This was a time when newspapers didn't have reporters in the field (only Parliamentary correspondents) so the only unofficial sources of news were:
- Mr Sutton who had heard the news of Quatre Bras, the Napoleon Wellington skirmish 48 hours before Waterloo that ended in a draw (and Wellington falling back) which Sutton misinterpreted as an allied victory, telling London on Tuesday morning.
- The Green Knight of Kerry who spoke with Wellington after Quatre Bras and therefore knew the true situation
- The mysterious Mr C who was at the exiled court of the French King in Ghent when he heard the news of Waterloo and rushed to London, arriving Wednesday morning.
- And possibly an unknown informant of Nathan Rothschild who enabled the banker to buy government stock and make a profit
Cathcart, who also wrote even more brilliant The Fly in the Cathedral, tells these stories in an authoritative but fantastically clear and readable way. He debunks many myths. People just didn't use carrier pigeons in those days. Rothschild wasn't on the battlefield.

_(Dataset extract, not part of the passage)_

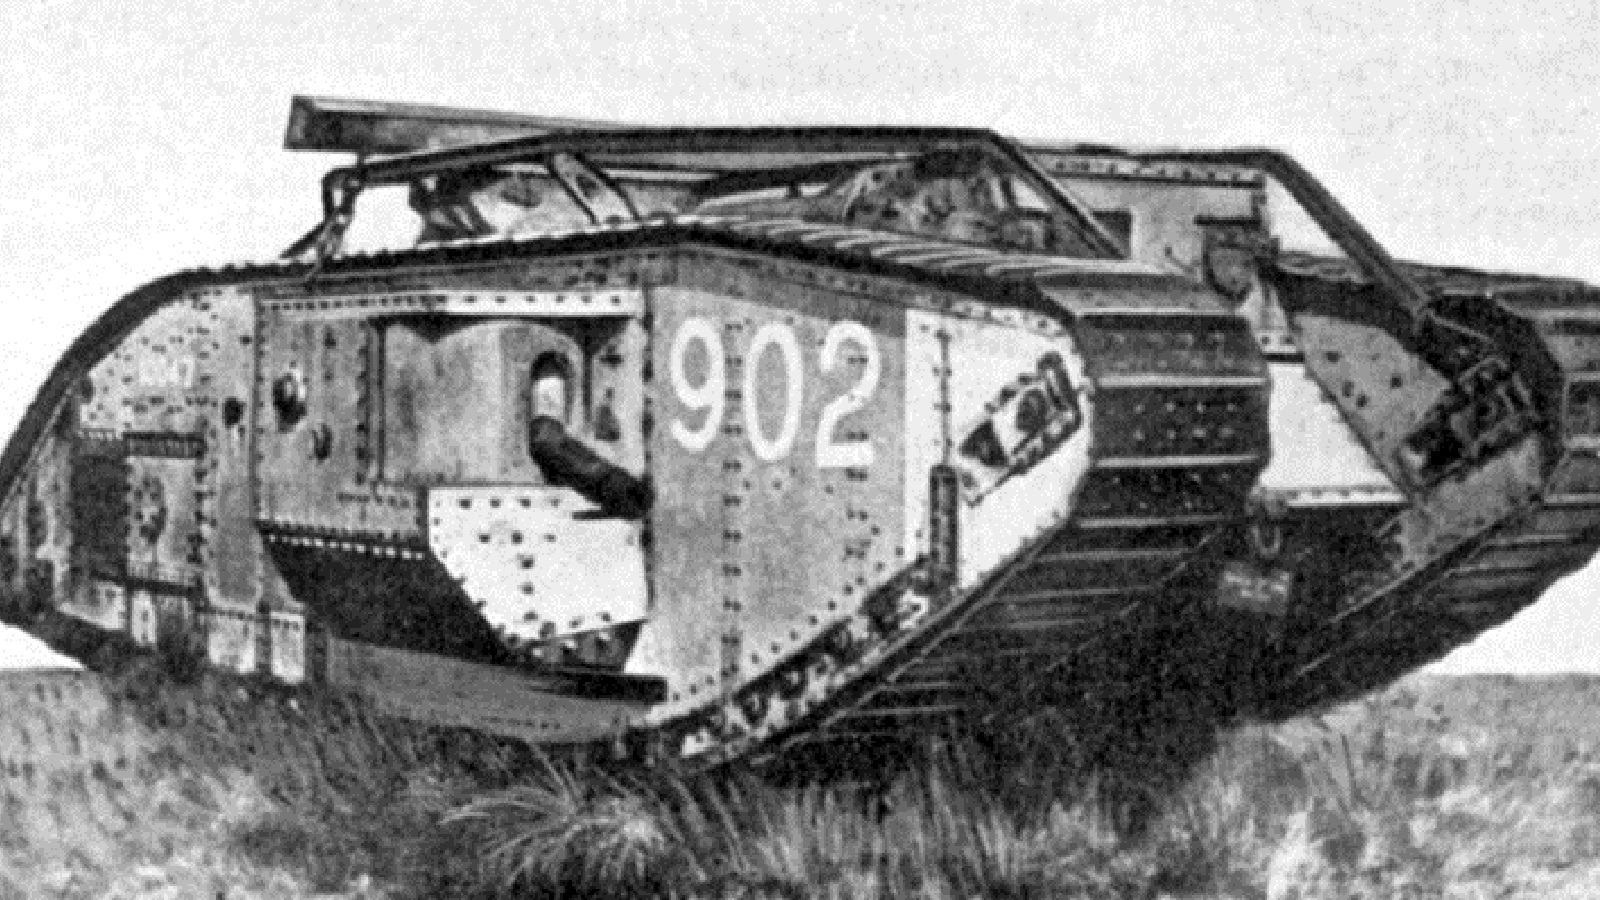 World of Tanks - In May 1945, the first Black Prince prototypes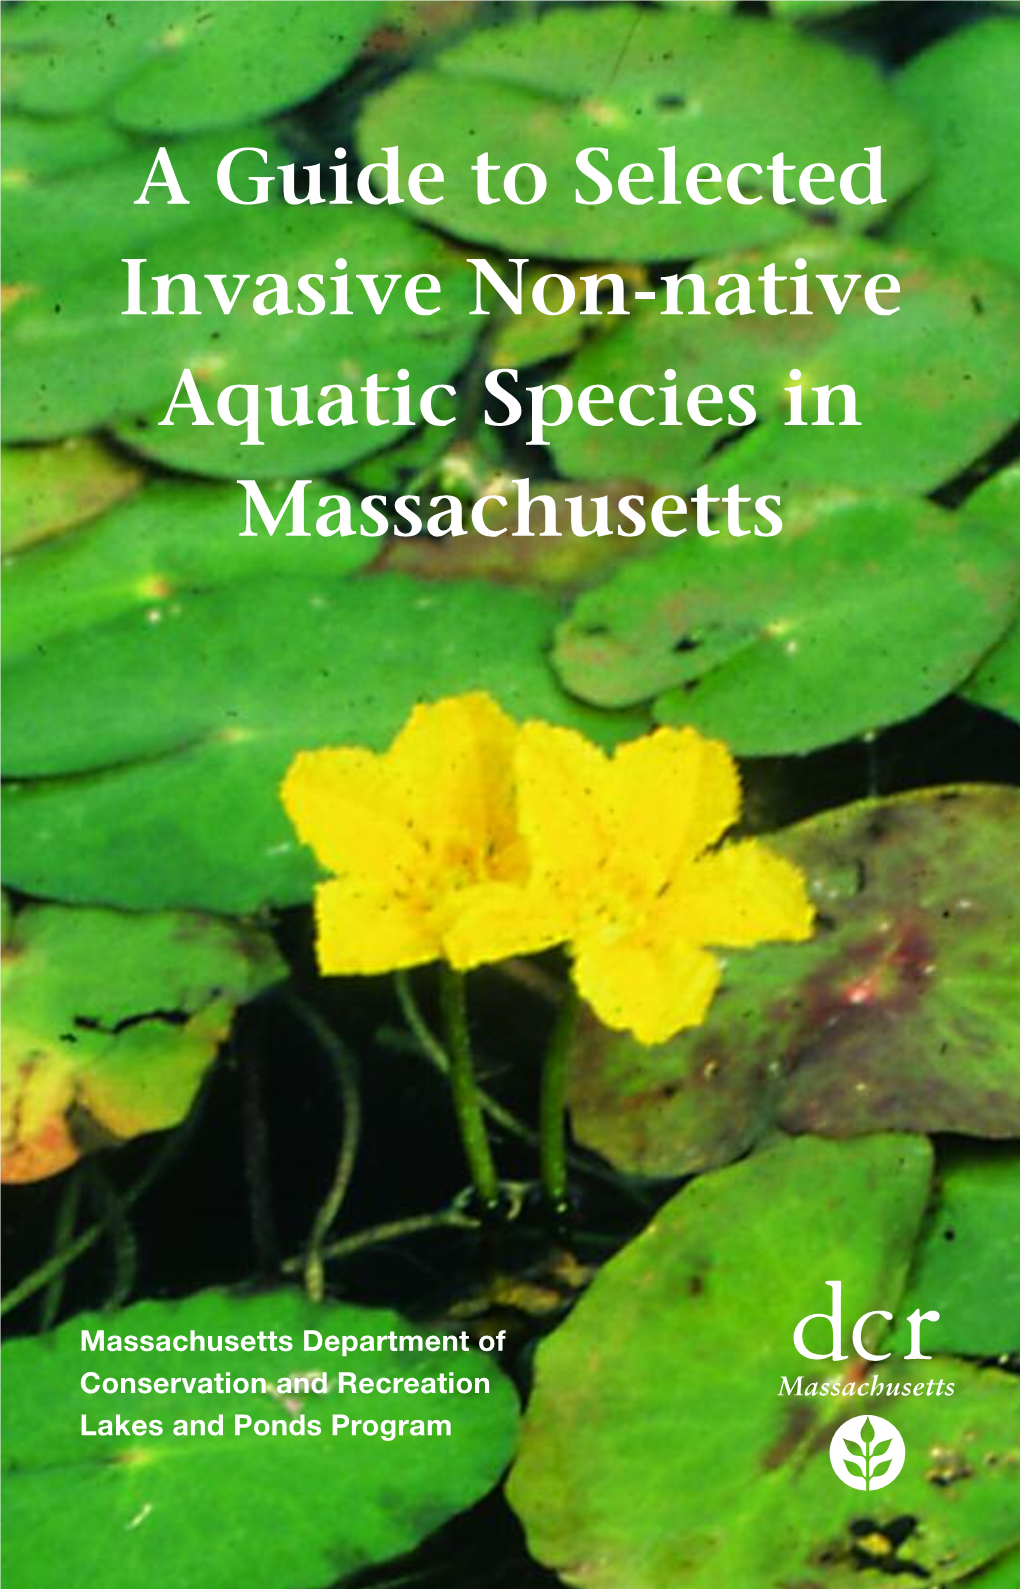 A Guide to Selected Invasive Non-Native Aquatic Species in Massachusetts

Rothschild didn't start by selling shares causing a massive panic before buying loads up (the stock market records show no such panic). David Ricardo, however, made sufficient money to retire from promoting stocks and, working with his friend Thomas Malthus who also made money, found Economics as a science. The myths debunked, there is a still a remarkably dramatic story.
And one mystery is left: who was Mr C?